* What this task involves *
Everything in the data below except the pictures must be repeated word for word.

* Supplied material *
=== Section Start ===

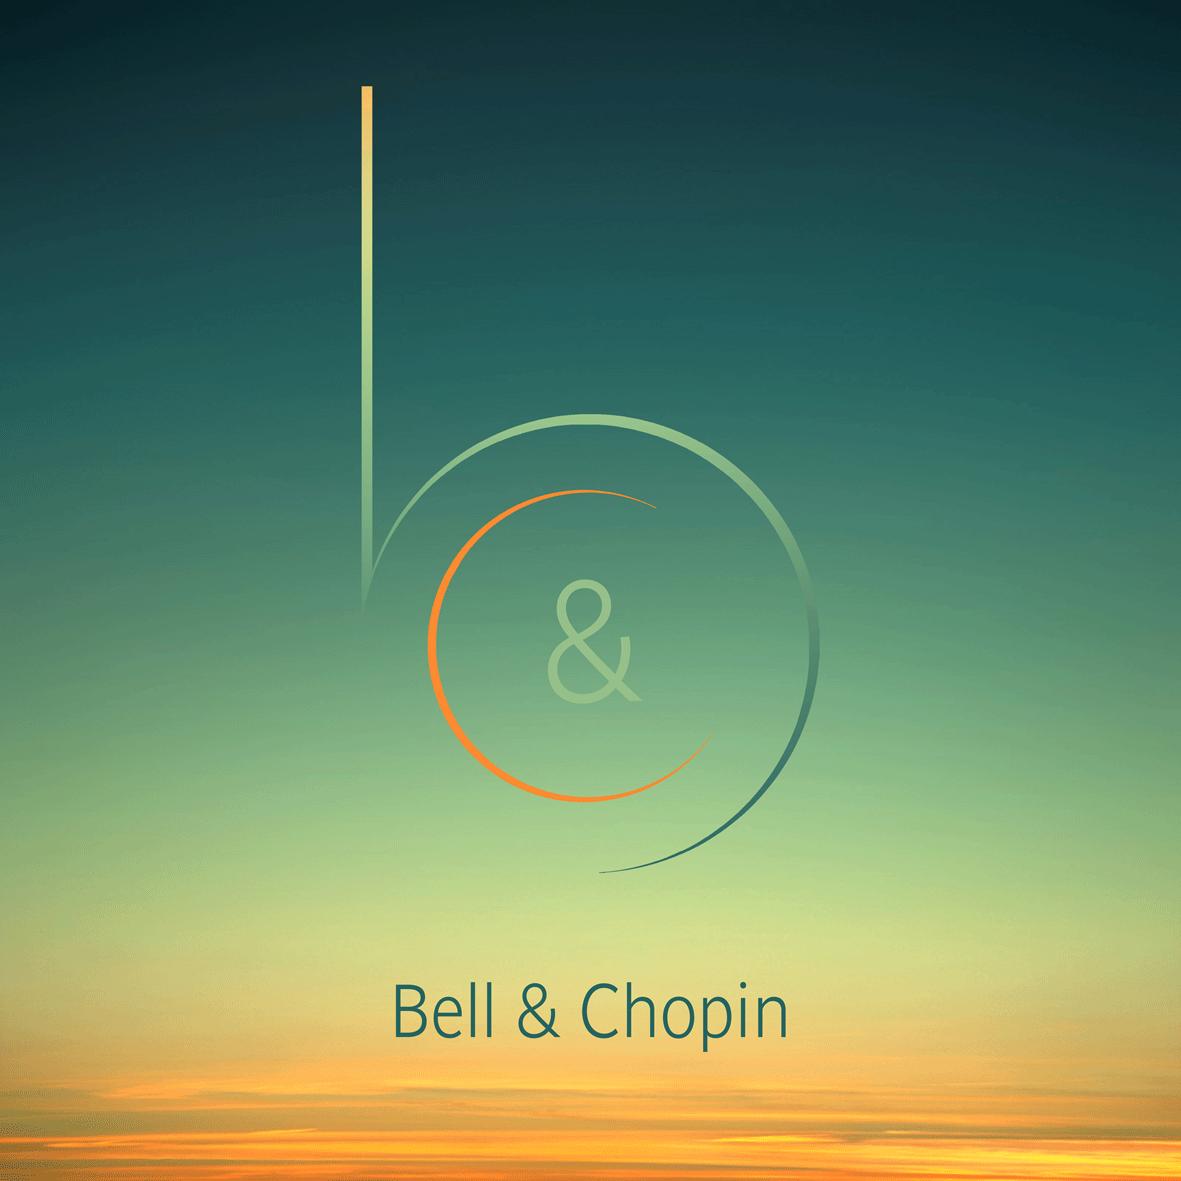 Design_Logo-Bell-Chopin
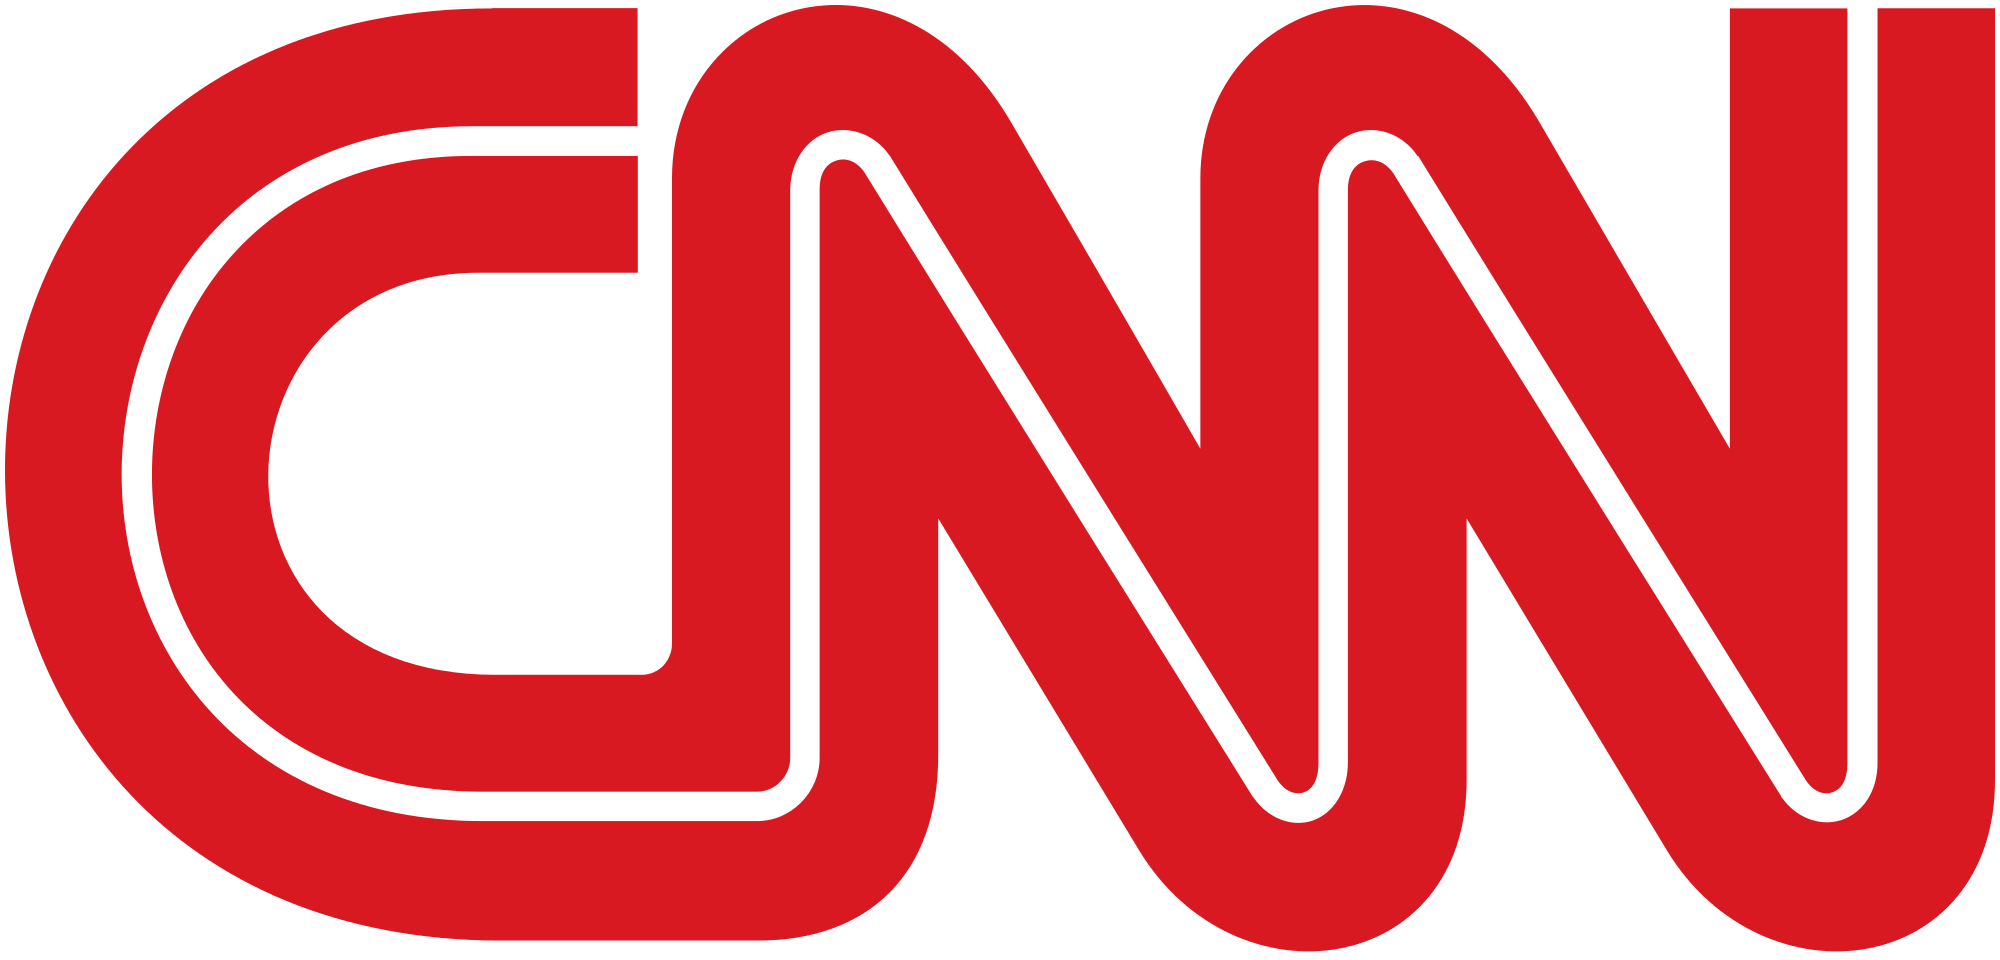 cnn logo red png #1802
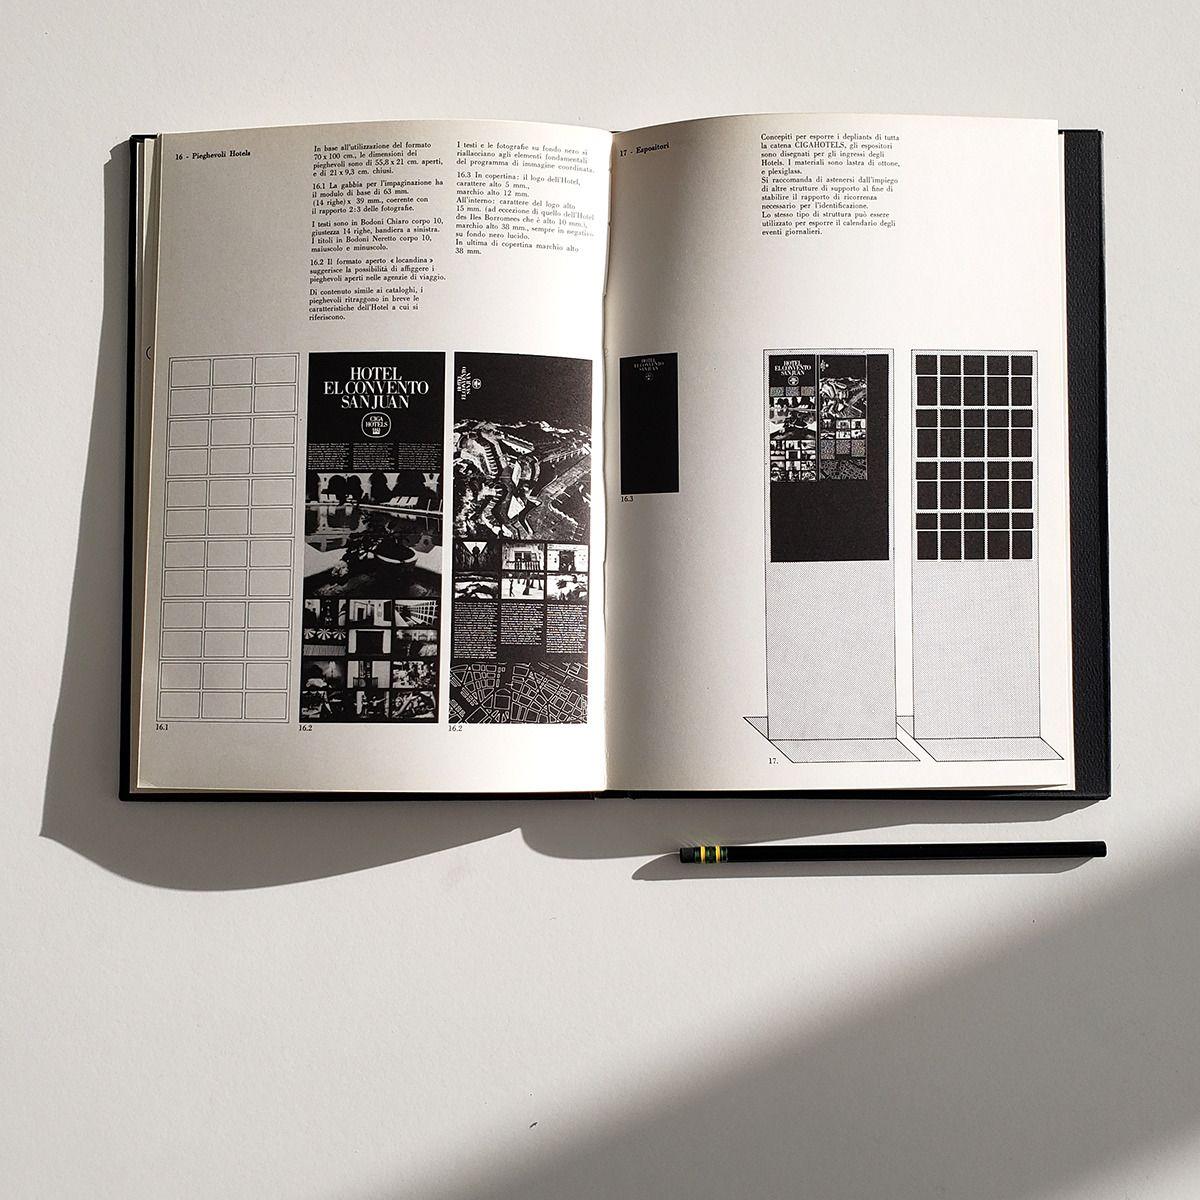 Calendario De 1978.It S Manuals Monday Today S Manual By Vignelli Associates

=== Section End ===

* Response for this exercise *
 Design_Logo-Bell-Chopin
 cnn logo red png #1802
 Calendario De 1978.It S Manuals Monday Today S Manual By Vignelli Associates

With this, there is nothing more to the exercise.